I posted this question on Reddit Programming and did not get a single response. So I am hoping that Stack Overflow community will have an opinion.

Have any of you ever been on a software project that had fallen behind, where 'Crashing' or 'Fast-Tracking' the project schedule actually brought the project schedule back on track? I have never seen either of these project management techniques actually work. And all the articles on software development that I have read all state that these 2 techniques do not work and actually pushing the project further behind (for example literature on the Mythical Man Month). So who has seen it work?

Thanks Bill.

+2  A: 

I have only ever seen it work once. It was a three or four month long project that was projected to run an extra two months over the original delivery date. The project got fast-tracked and things ended up getting back on track for the release.

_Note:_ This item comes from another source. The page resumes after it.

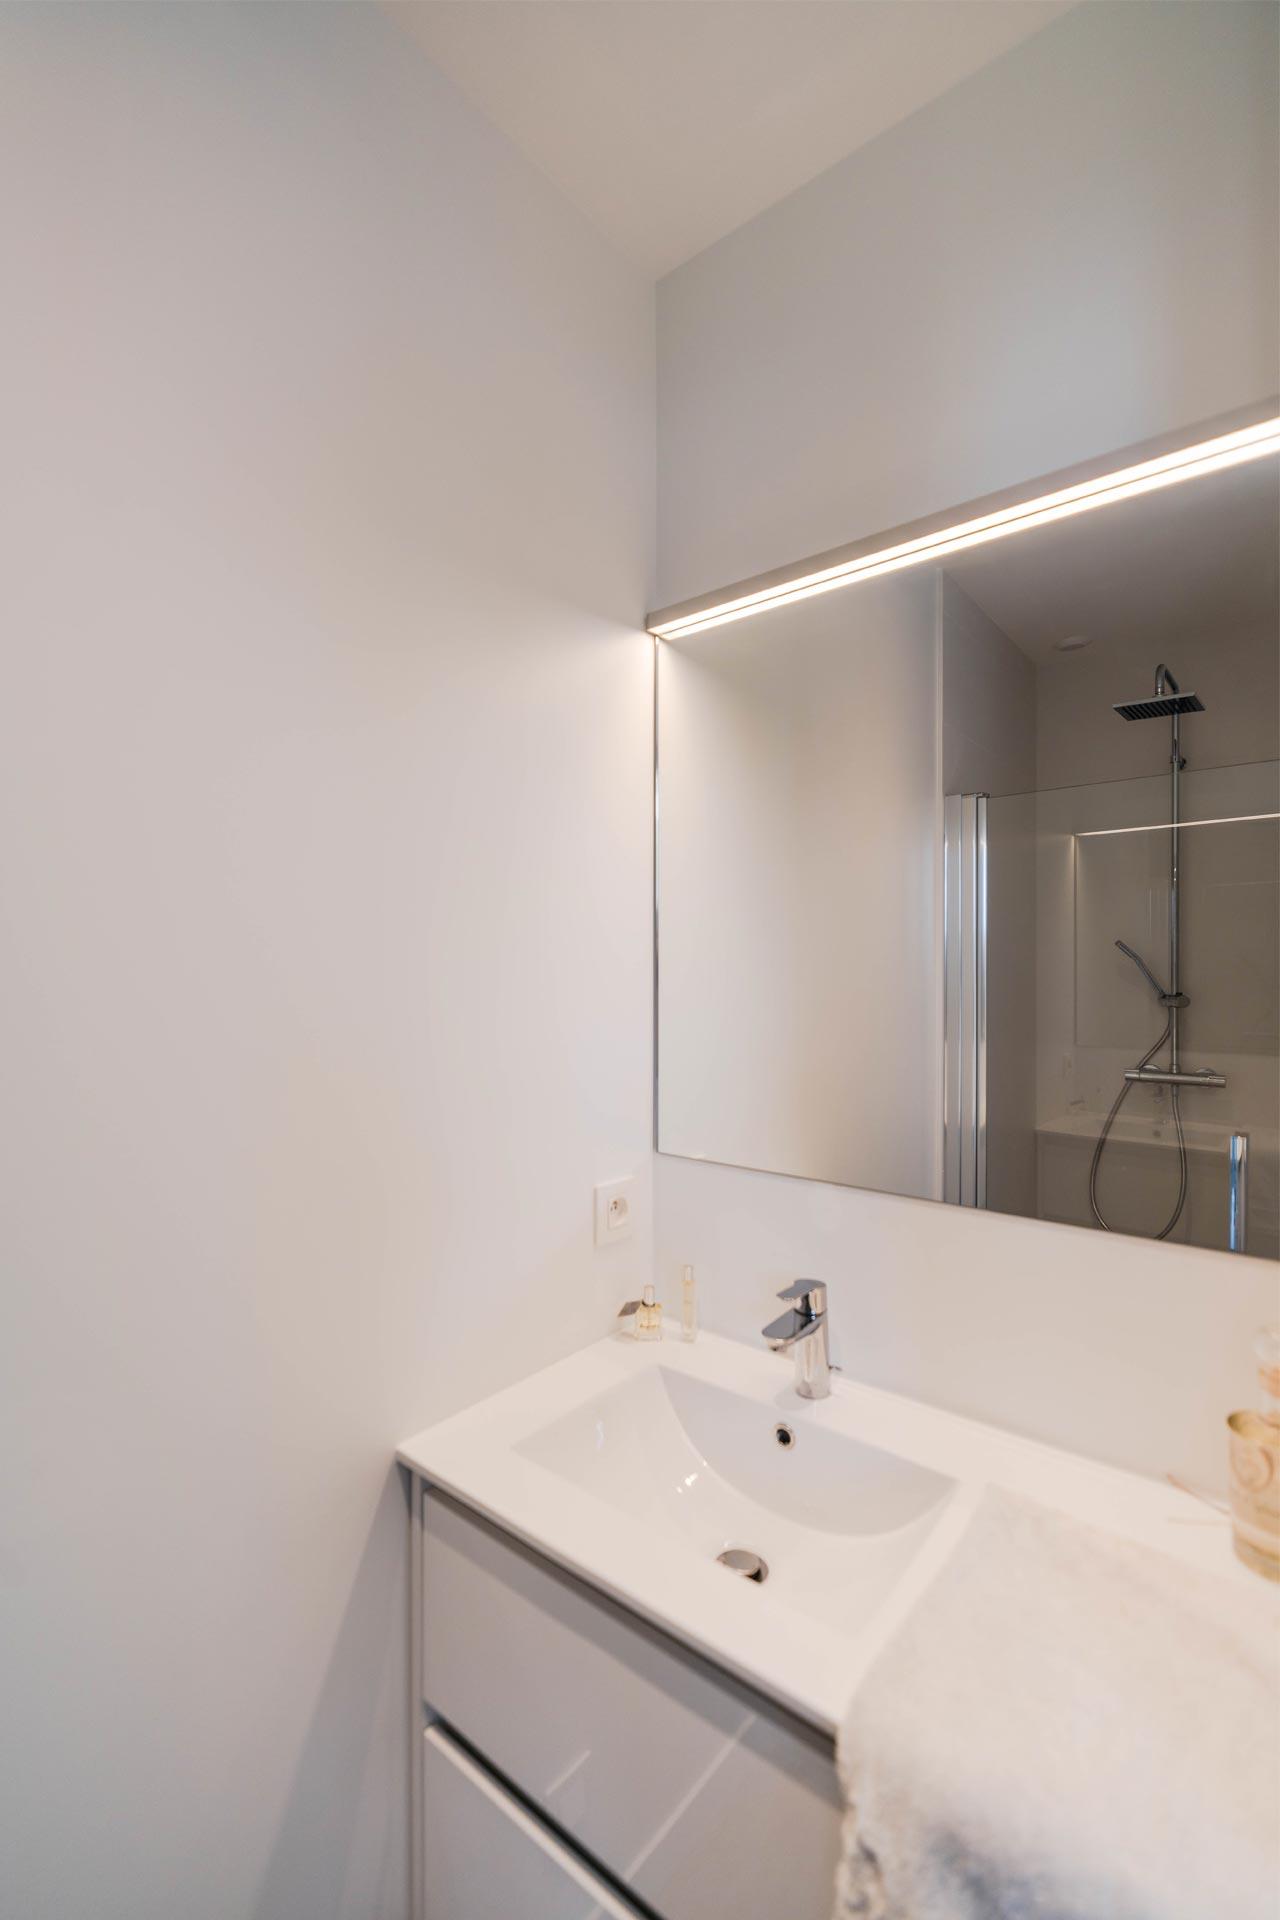 Salle d'eau - Chambre - Nantes

...keep in mind though, that was only once. I've been on many more projects where the PM tried to use one of those two methods and they failed miserably and dragged the project out for months beyond already extended date.

Justin Niessner
A: 

There is a software management principle that says adding manpower to a late project makes it later.

That said, as long as the measures taken are sensible it should be ok. Don't expect too much of your staff and provide reasonable incentives and don't take short cuts. It won't make miracles happen but if you're practical and want to push things just that little bit faster it can definitely be done.

When people have a stake in the potential success of something it's amazing how much more effort they're willing to put in.

Evernoob
A: 

It depends on what you mean by "work". I don't think I've ever seen it make a way late project deliver on time, if that's what you are asking.

However, I have seen it make way late projects deliver only a bit late. From the fuzzy perspective of management, that might be called "working". I've also seen it significantly lower the customer-based pressure on the company. Some might also call that "working".

Of course the price is rather high. Employees burn out, develop health problems or big problems in their neglected personal lives, etc. All of that has large financial repurcussions to the company. So I doubt the company comes out ahead in the long run. Is that "working"?

T.E.D.
What I mean by "work" is doing what you stated in your 2nd paragraph. Taking a project that is behind schedule and bringing back on schedule or at least cutting the time that it is behind.
bkoch
+2  A: 

It can work. But there's a price to be paid: lower quality (more bugs, less testing) and turnover of burned-out programmers.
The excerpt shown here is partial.